Abstract 2798: Clinical Implications of Distal Embolization during Coronary Interventional Procedures in Patients With Acute Myocardial Infarction: Impact on Capillary Integrity
Distal embolization to small arteries and arterioles is one of the major complications of percutaneous coronary intervention (PCI) in patients with acute myocardial infarction (AMI), and we quantify embolic particles from the number of high-intensity transient signals (HITS) with the Doppler guidewire (DGW). This study was performed to count the number of HITS in relation to PCI procedure, and to investigate the relation of embolization to resistance vessels to capillary integrity in the infarct zone in patients with AMI.
METHODS: We studied 26 patients with first AMI who underwent successful PCI within 6 h after onset. We performed 1st and 2nd balloon angioplasty with continuous monitoring of coronary blood flow velocity with the DGW, followed by stenting and post high-pressure dilatation (20 atm). From 10 to 15 minutes after PCI, we evaluated TIMI flow grade and myocardial perfusion at the capillary level with myocardial contrast echocardiography (MCE). Left ventriculography was performed to measure regional wall motion (RWM, SD/chord) on days -1 and 21.
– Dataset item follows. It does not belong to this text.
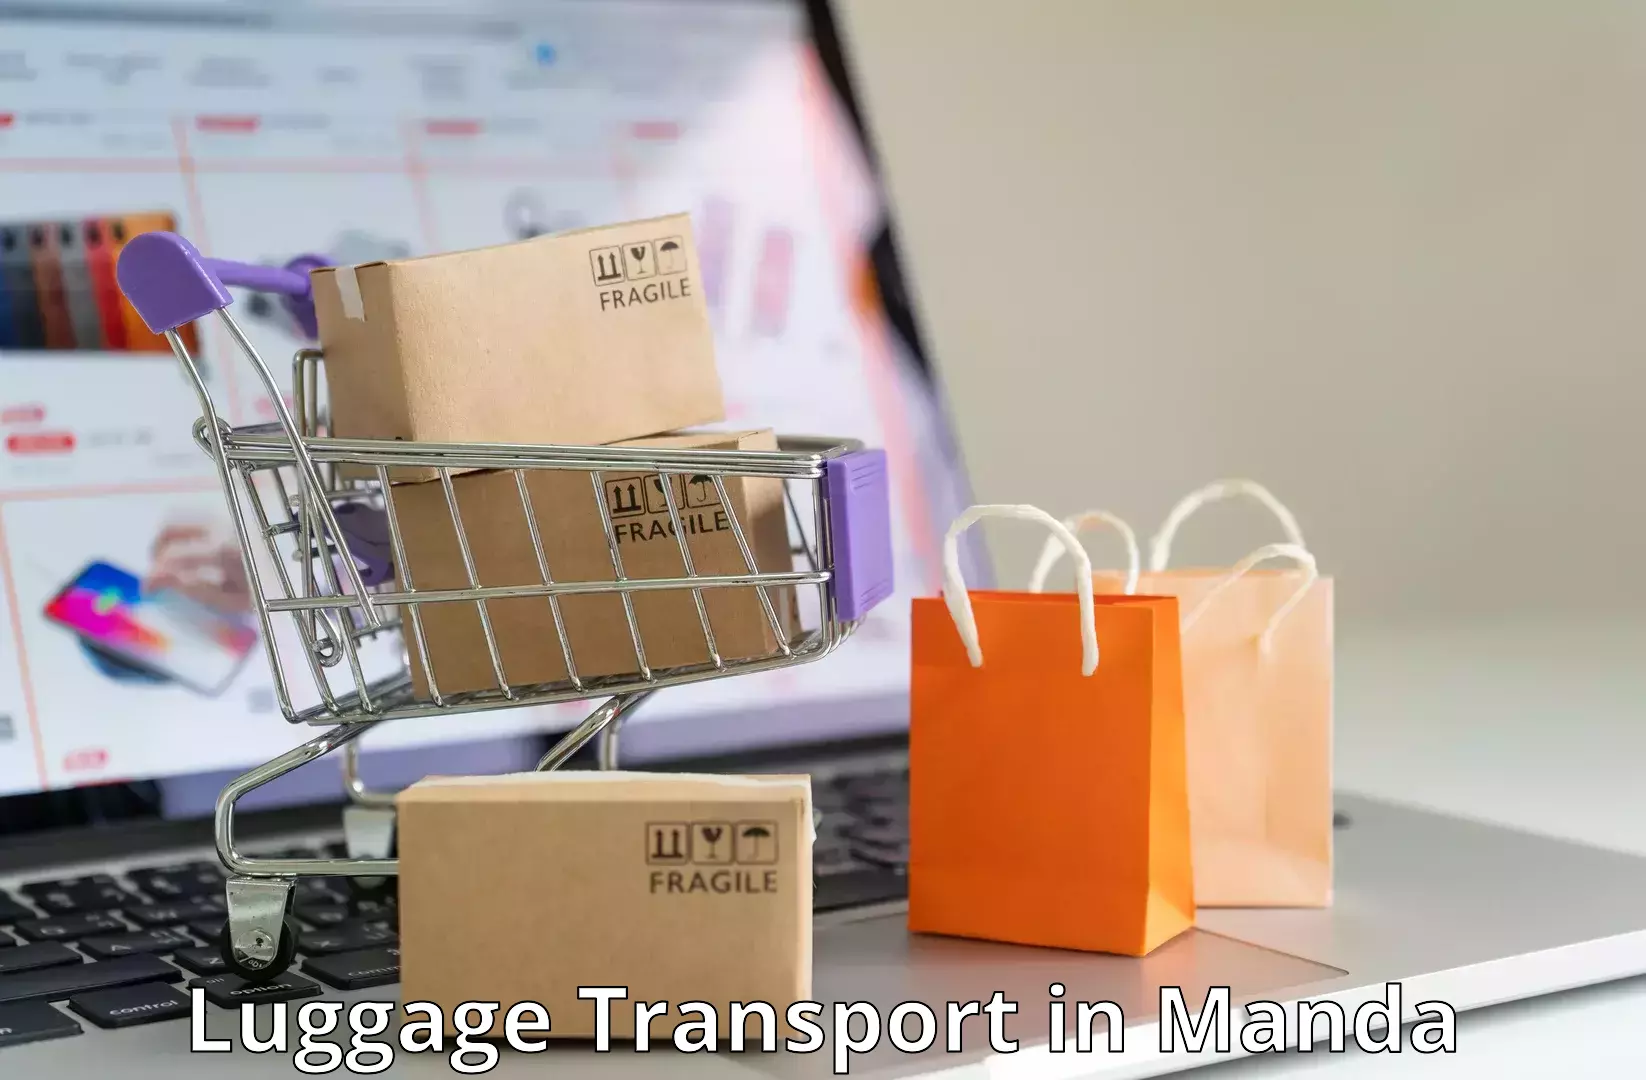 Luggage delivery optimization in Manda

RESULTS: HITS were detected throughout the PCI procedure in 24 of 26 patients, with the highest number of HITS after stenting (18±19). Finally, TIMI-3 flow and TIMI-2 flow were achieved in 22 and 4 patients, respectively (LAD: n=1; RCA: n=3). All these latter 4 patients showed TIMI-3 flow after balloon angioplasty, but showed reduction of coronary flow after stenting, and 3 exhibited transient complete A-V block. The number of HITS was greater in patients with TIMI-2 flow than in those with TIMI-3 flow (64±27 vs. 18±20, P<0.01). However, all patients showed good contrast enhancement in the infarct zone, implying preserved capillary integrity. There was no significant correlation between the total number of HITS and the magnitude of improvement in RWM (r=0.26, P=0.25).
Distal embolization is common and the majority occur after stenting in patients with AMI.
Coronary flow reduces only when the number of HITS is large, resulting in transient hemodynamic deterioration, but the integrity of capillaries can be preserved.
Increases in number of emboli are not necessarily associated with left ventricular dysfunction in this range.